Why are programs and activities created especially for interfaith families called “outreach”? A blogger whom I’ve been following since I started my job here at InterfaithFamily.com referred to this rhetorical strategy as “symbolic violence”–a way of articulating the idea that good Jews are on the inside and interfaith relationships are on the outside. Why, she asks, are all the programs about the December Dilemma and conversion, with nothing acknowledging how much of the work of Jewish life is actually done by people in interfaith families? Why is the model to have people from in-married families doing outreach to intermarried families?
(Ah ha, I just finished an entire month of December Dilemma articles with a Resource Guide to Jewish Conversion. Nice timing, I now feel maximum defensiveness–though also an enhanced appreciation for January.)
Why do we call it outreach? The way the Jewish community has traditionally dealt with anything it finds scary is through ostracizing. When people talk about outreach, or in Hebrew kiruv, the implication isn’t only that someone is on the outside and someone is inside, reaching. It’s also that we aren’t actively pushing people who are inside, away.
“We” shouldn’t only mean in-married Jews who are working with intermarried Jews, because in my experience, people in interfaith families, including non-Jewish partners, are in the Jewish community, making good things happen.
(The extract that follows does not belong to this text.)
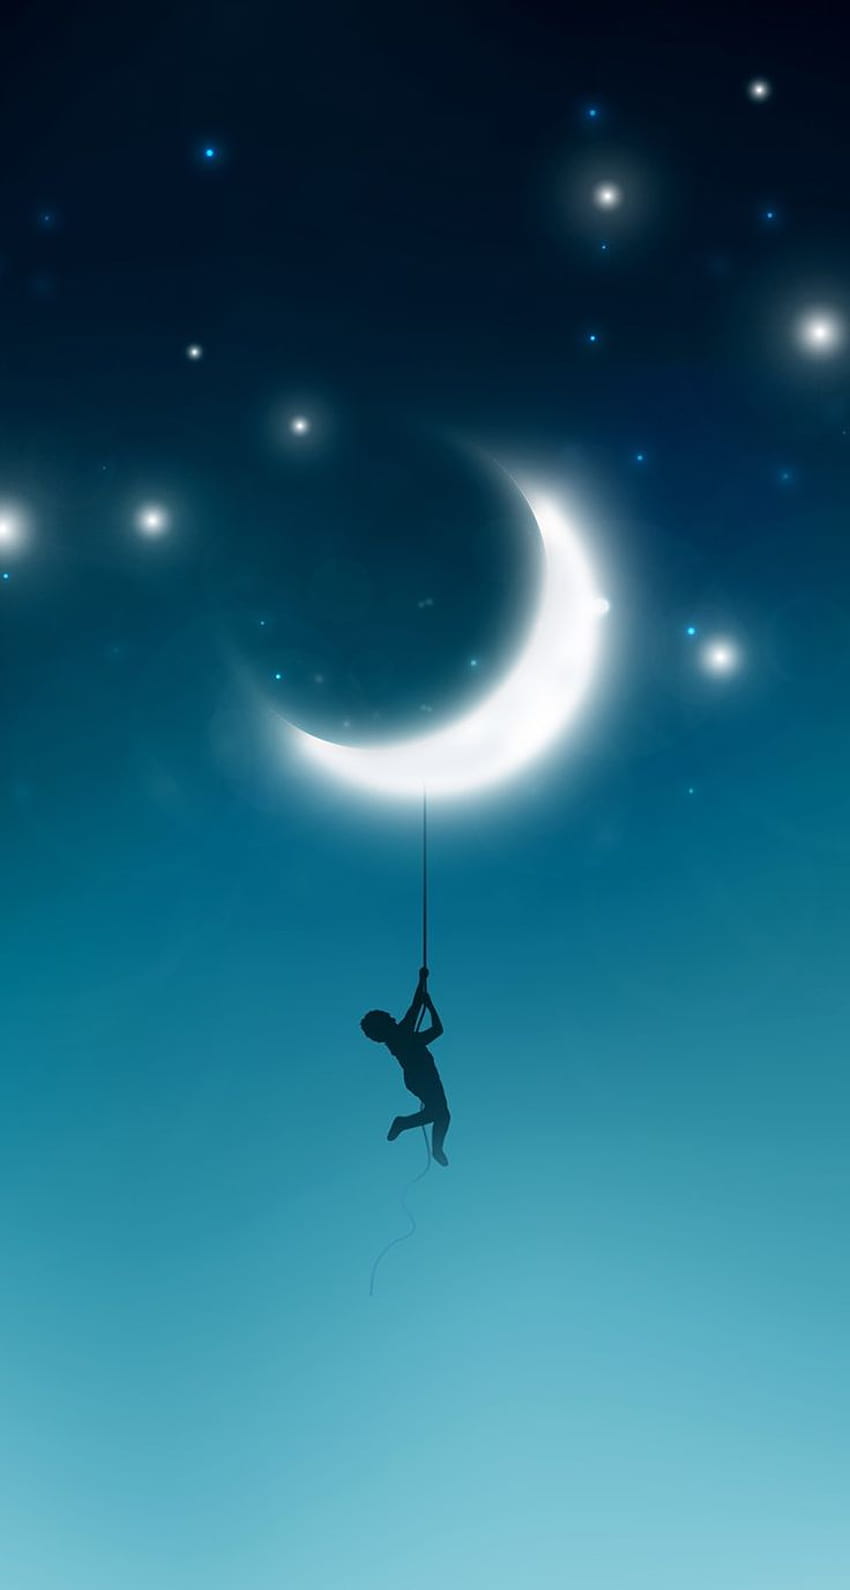 TAP DAN DAPATKAN APLIKASI! Seni Bulan Bintang Malam Dongeng Kreatif Kilauan Biru Langit Terang… wallpaper ponsel HD

But I’m afraid the vision is still as my original blogger indicates, in spite of all the Jewish educators, lay and professional community workers and voices of the Jewish community that are children of interfaith families or in interfaith relationships or marriages.
Lately, I’ve seen more use of the word “welcoming” to mean something comprehensive about what kinds of synagogues and Jewish communal institutions we’d like to have. Sometimes we make a list of the groups of people we are explicitly NOT excluding, and sometimes not.
At the same time, the Jewish community is still doing the push-away activities that outreach is supposed to oppose. Unfortunately we still need a good code to communicate to people who want open, friendly Jewish communities, “we aren’t mean rude jerks.” Or at least, that we don’t mean to be–there are so many ways to fall short. I guess we have to keep listening if we want to achieve a Jewish community with no outreach because no one is out and it’s not a big reach for them to belong.